I'm doing a Unity project where I have the need to convert UTM coordinates to latitudes and longitudes. I have tried several C# solutions, but none of them were accurate enough. But I found some Javascript code that gives out the exact result I'm looking for (https://www.movable-type.co.uk/scripts/latlong-utm-mgrs.html). The problem is, when I turned the code into C#, it gives out a different result. Here are the pieces of code I see the problem in:

Javascript:

``var a = 6378137; var f = 1/298.257223563; var e = Math.sqrt(f*(2-f)); var n = f / (2 - f); var n2 = n*n, n3 = n*n2, n4 = n*n3, n5 = n*n4, n6 = n*n5; var A = a/(1+n) * (1 + 1/4*n2 + 1/64*n4 + 1/256*n6); ``

And the C# code I converted myself:

``var a = 6378137; var f = 1 / 298.257223563; var e = Math.Sqrt(f * (2 - f)); var n = f / (2 - f); var n2 = n * n; var n3 = n2 * n; var n4 = n3 * n; var n5 = n4 * n; var n6 = n5 * n; var A = a / (1 + n) * (1 + 1 / 4 * n2 + 1 / 64 * n4 + 1 / 256 * n6); ``

They should be identical, but the value of A is different. In `Javascript` it's `6367449.145823415` (what I want), but `C#` gives `6367444.6571225897487819833001`. I could just use the `Javascript` code in my project, but conveniently Unity stopped supporting `Javascript` just last year.

The inputs are the same for both functions. What could be the issue here?

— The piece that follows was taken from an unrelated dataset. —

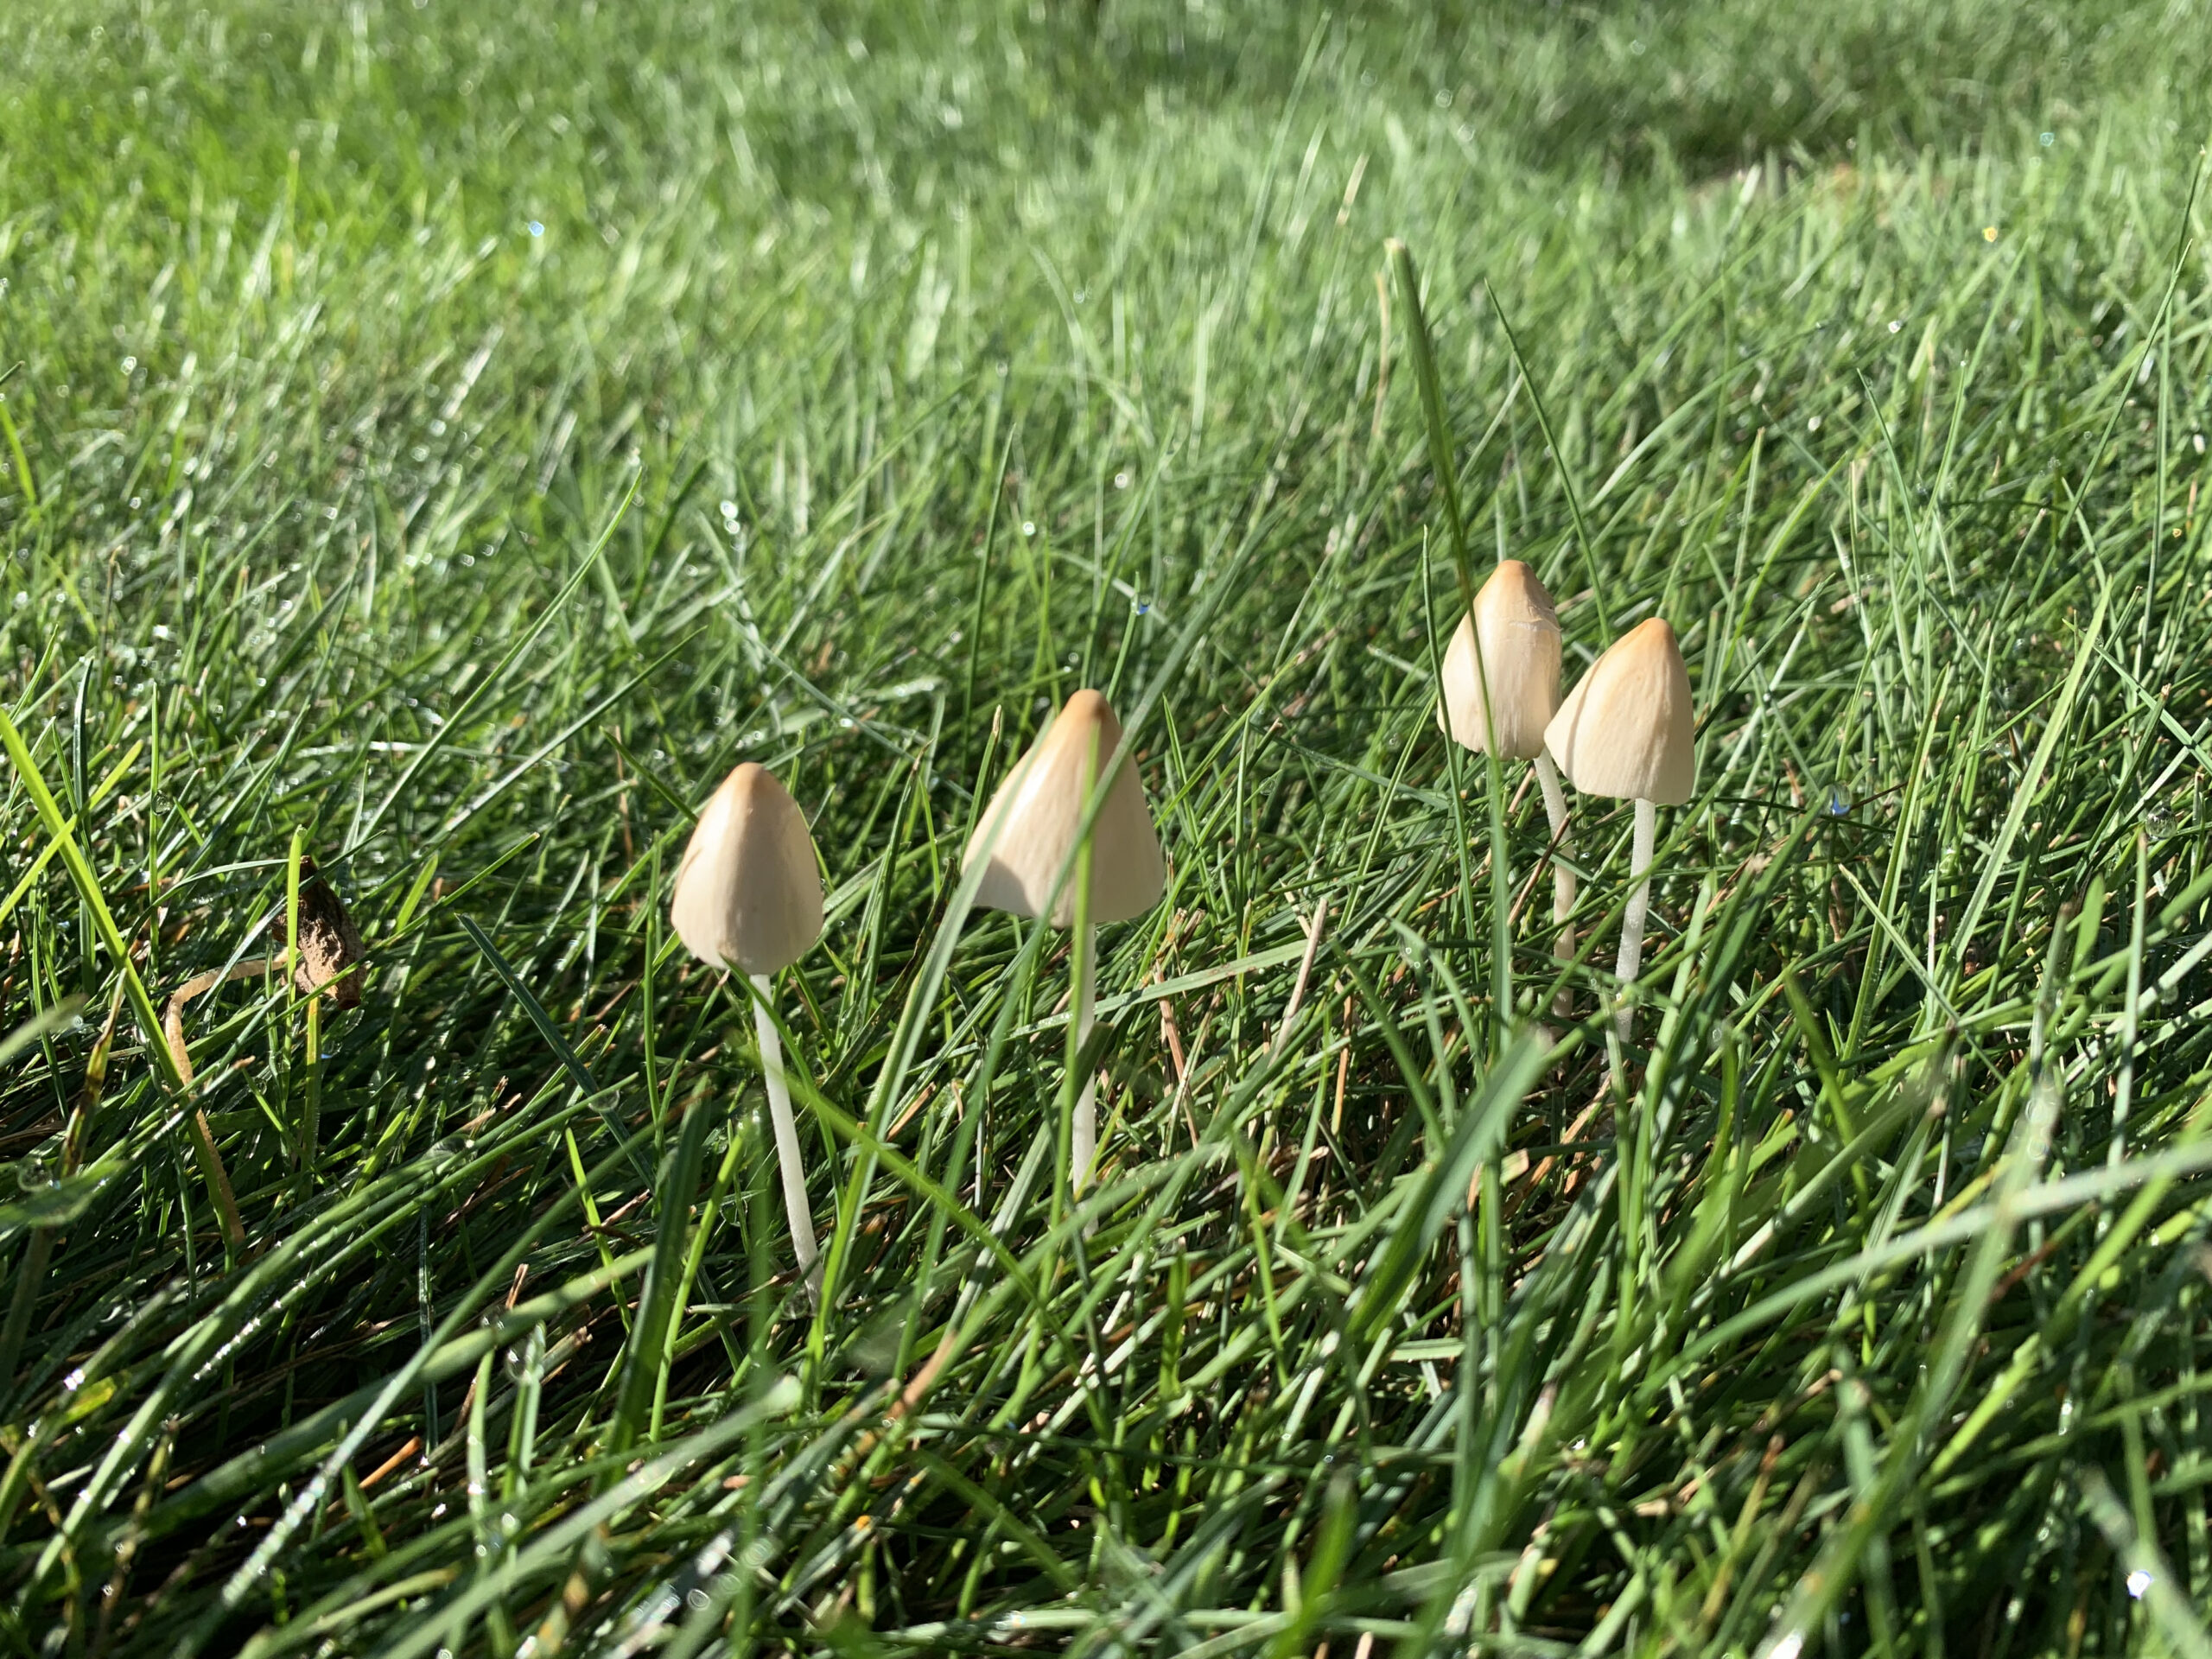 Magical, tiny mushrooms
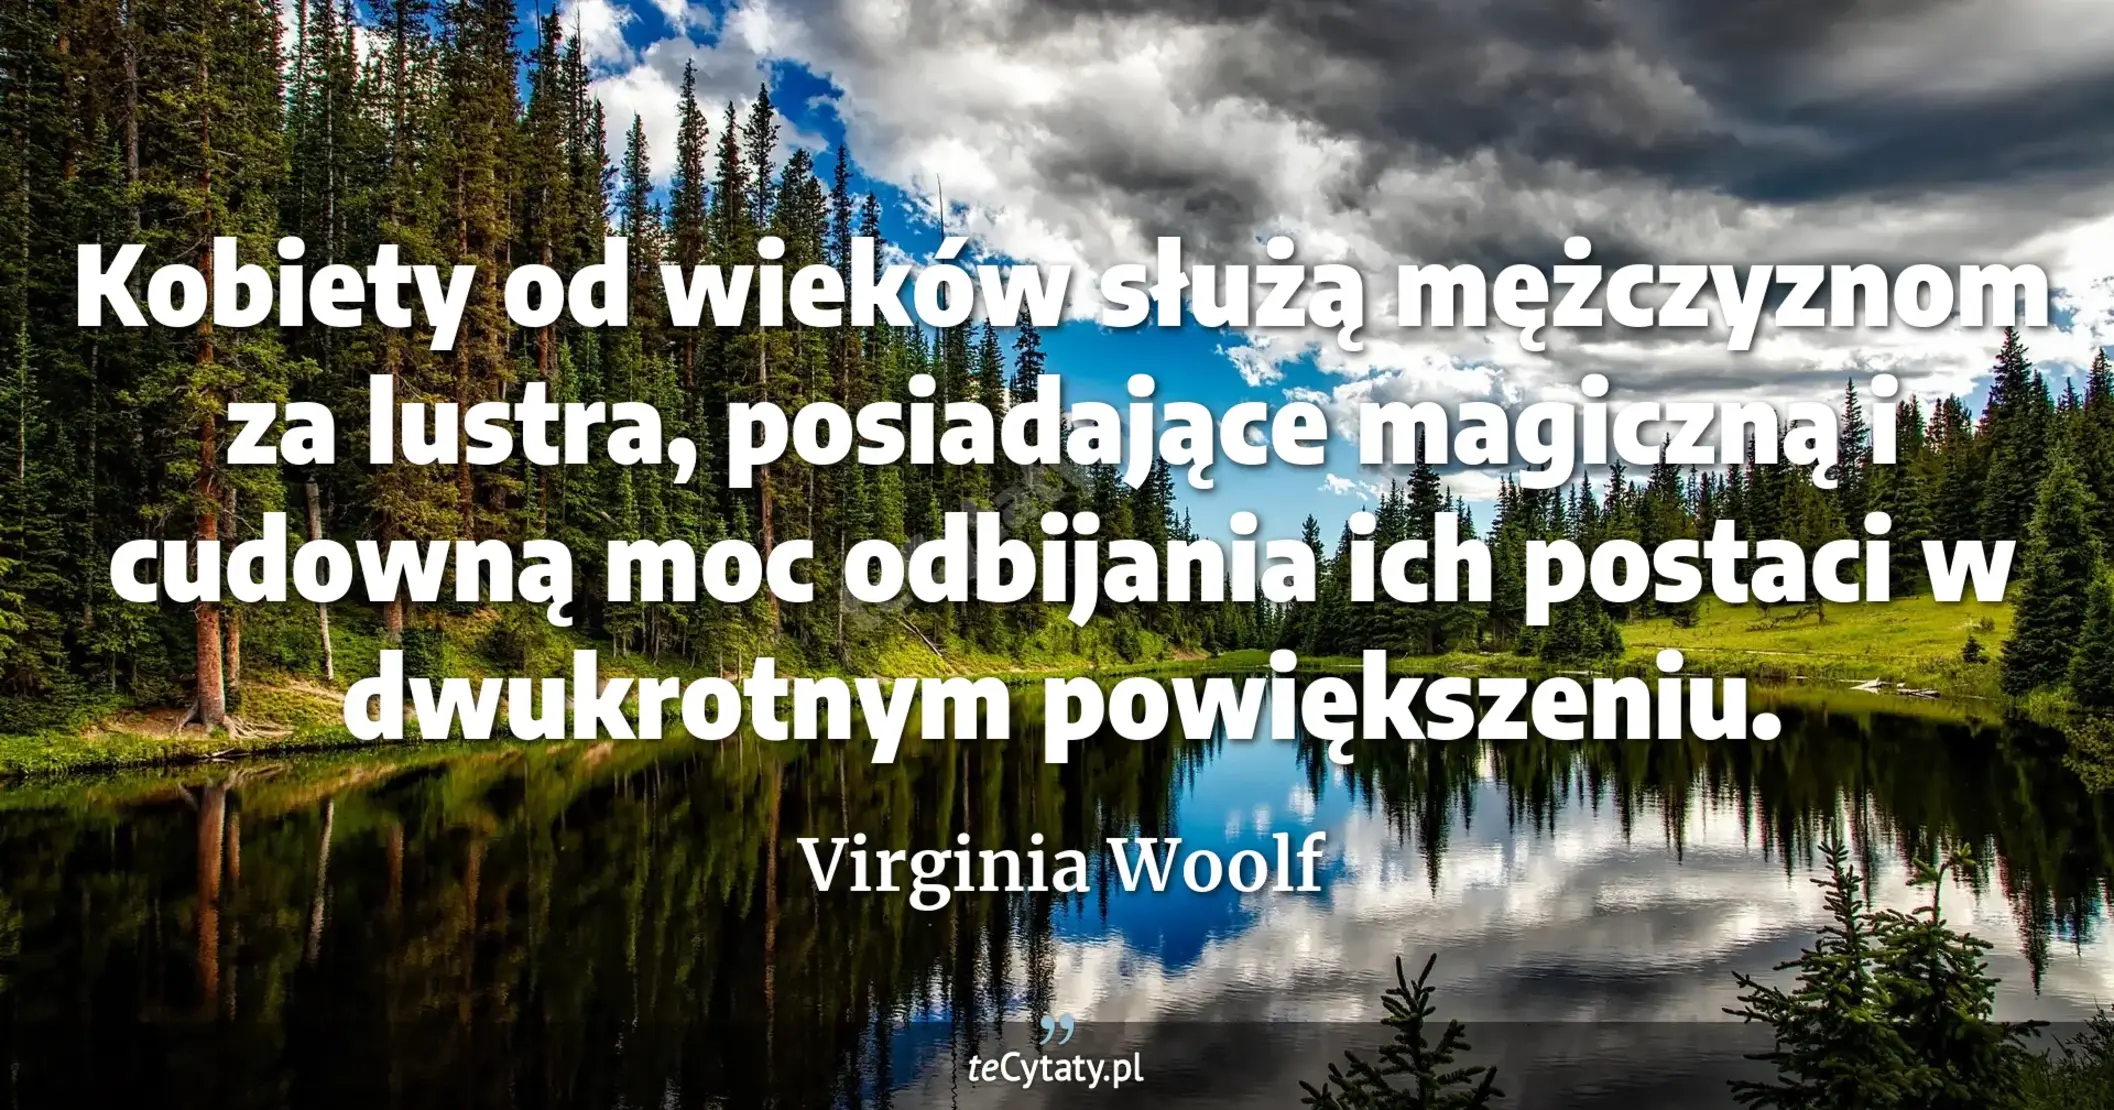 Kobiety od wieków służą mężczyznom za lustra, posiadające magiczną i cudowną moc odbijania ich postaci w dwukrotnym powiększeniu. - Virginia Woolf

You have an issue in the last expression

``var A = a / (1 + n) * (1 + 1 / 4 * n2 + 1 / 64 * n4 + 1 / 256 * n6); ``

In C# `1 / 4 * n2` is evaluated to `0` since `1` and `4` are considered as integers by default and integer division `1 / 4` gives `0`. Same thing happens to `1 / 64 * n4` and `1 / 256 * n6`. But in JavaScript there are only 64-bit floating point numbers, so `1 / 4` is evaluated to `0.25`.

Possible workaround:

``var A = a / (1 + n) * (1 + 1 / 4.0 * n2 + 1 / 64.0 * n4 + 1 / 256.0 * n6); ``

Now answers seem to be exactly the same.

Note: as @Lithium mentioned, you may find more elegant to add `d` rather than `.0` to the end of the number to indicate it as `double`.